Quote:
Originally Posted by I am a Zither Zather Zuzz 
There is no question as to that, but the difference between fraud and mistake is one of intent.
The Taiwan company gave warranties and reps that they owned the Chinese trademark. That most certainly was false, and was either fraud or mistake.
I don't think that has ever been in question.
But tell me this - do you think it is fair to the owners of the Chinese company to make them transfer the trademark when they were not a party to the Taiwan company's contract of sale?

There is no question as to that, but the difference between fraud and mistake is one of intent.
The Taiwan company gave warranties and reps that they owned the Chinese trademark. That most certainly was false, and was either fraud or mistake.
I don't think that has ever been in question.
But tell me this - do you think it is fair to the owners of the Chinese company to make them transfer the trademark when they were not a party to the Taiwan company's contract of sale?
In a word, yes.
Reason being that based on the documents and statements we've seen so far, Wang and his legal council <were> party to the negotiations. This was before the courts froze assets on behalf of the creditors as a result of the bankruptcy. Wang had the authority to make the transaction, and explicit statements were made that the discussions <included> the mainland China "iPad" rights.

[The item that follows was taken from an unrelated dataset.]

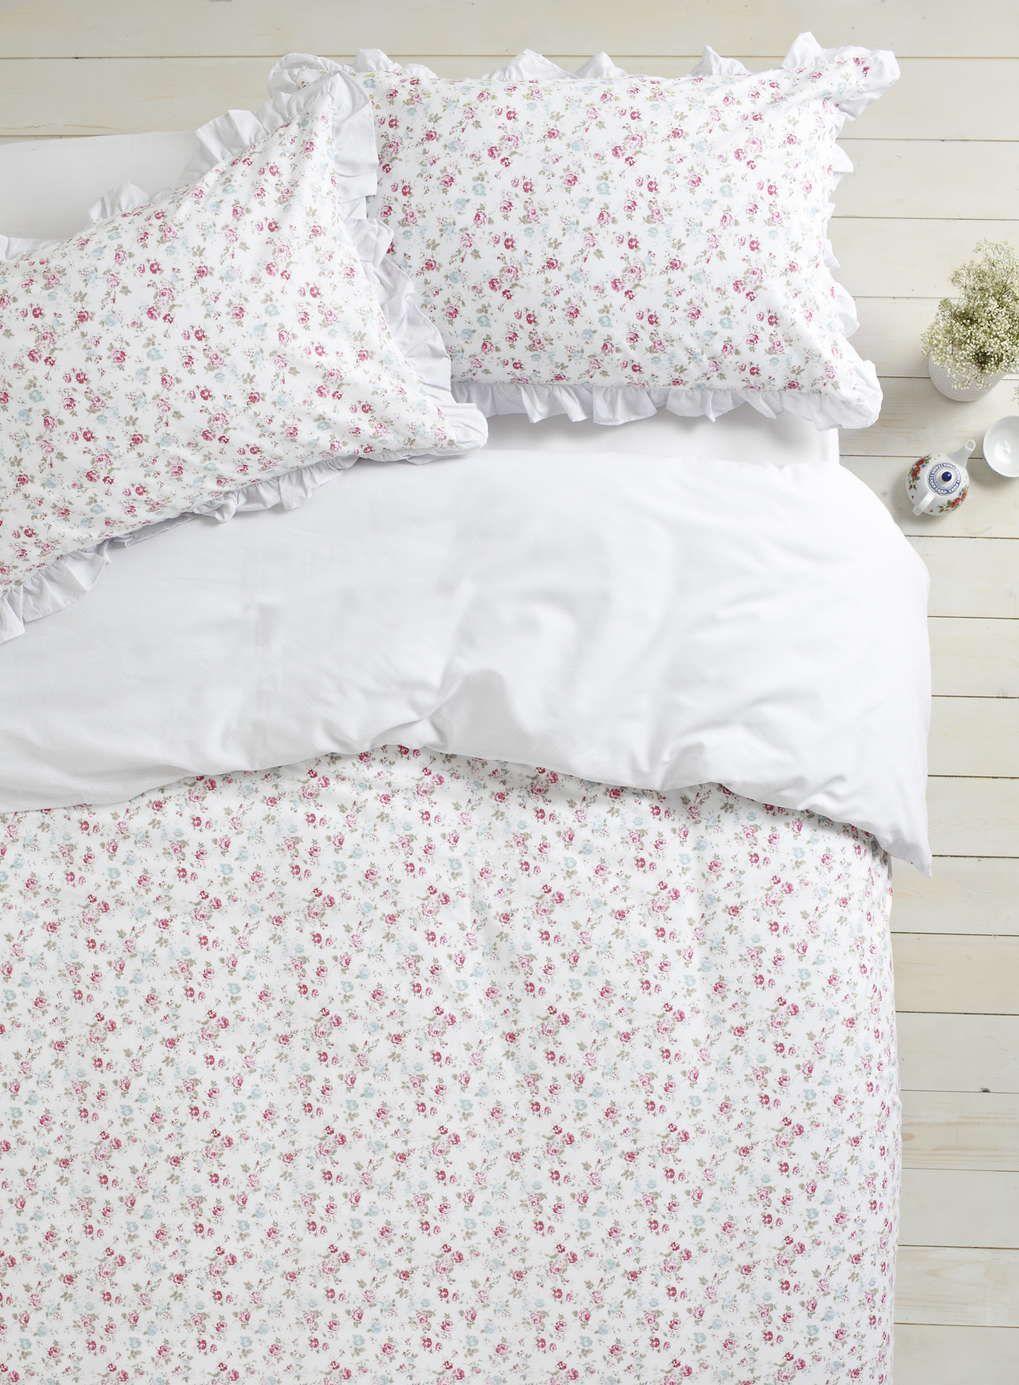 Esther Pink Ditsy Bedding Set Bhs Duvet Cover

To say that the people at the table had the authority to make the deal on behalf of the holding company [parent], offer something that only the parent had rights to offer, then say three years after the the ink has dried ... "Oh, we were just acting on behalf of the subsidiary, not the parent, even though we made the offer and had the authority to." is a load of bull.
This is practically the definition of a fraudulent act.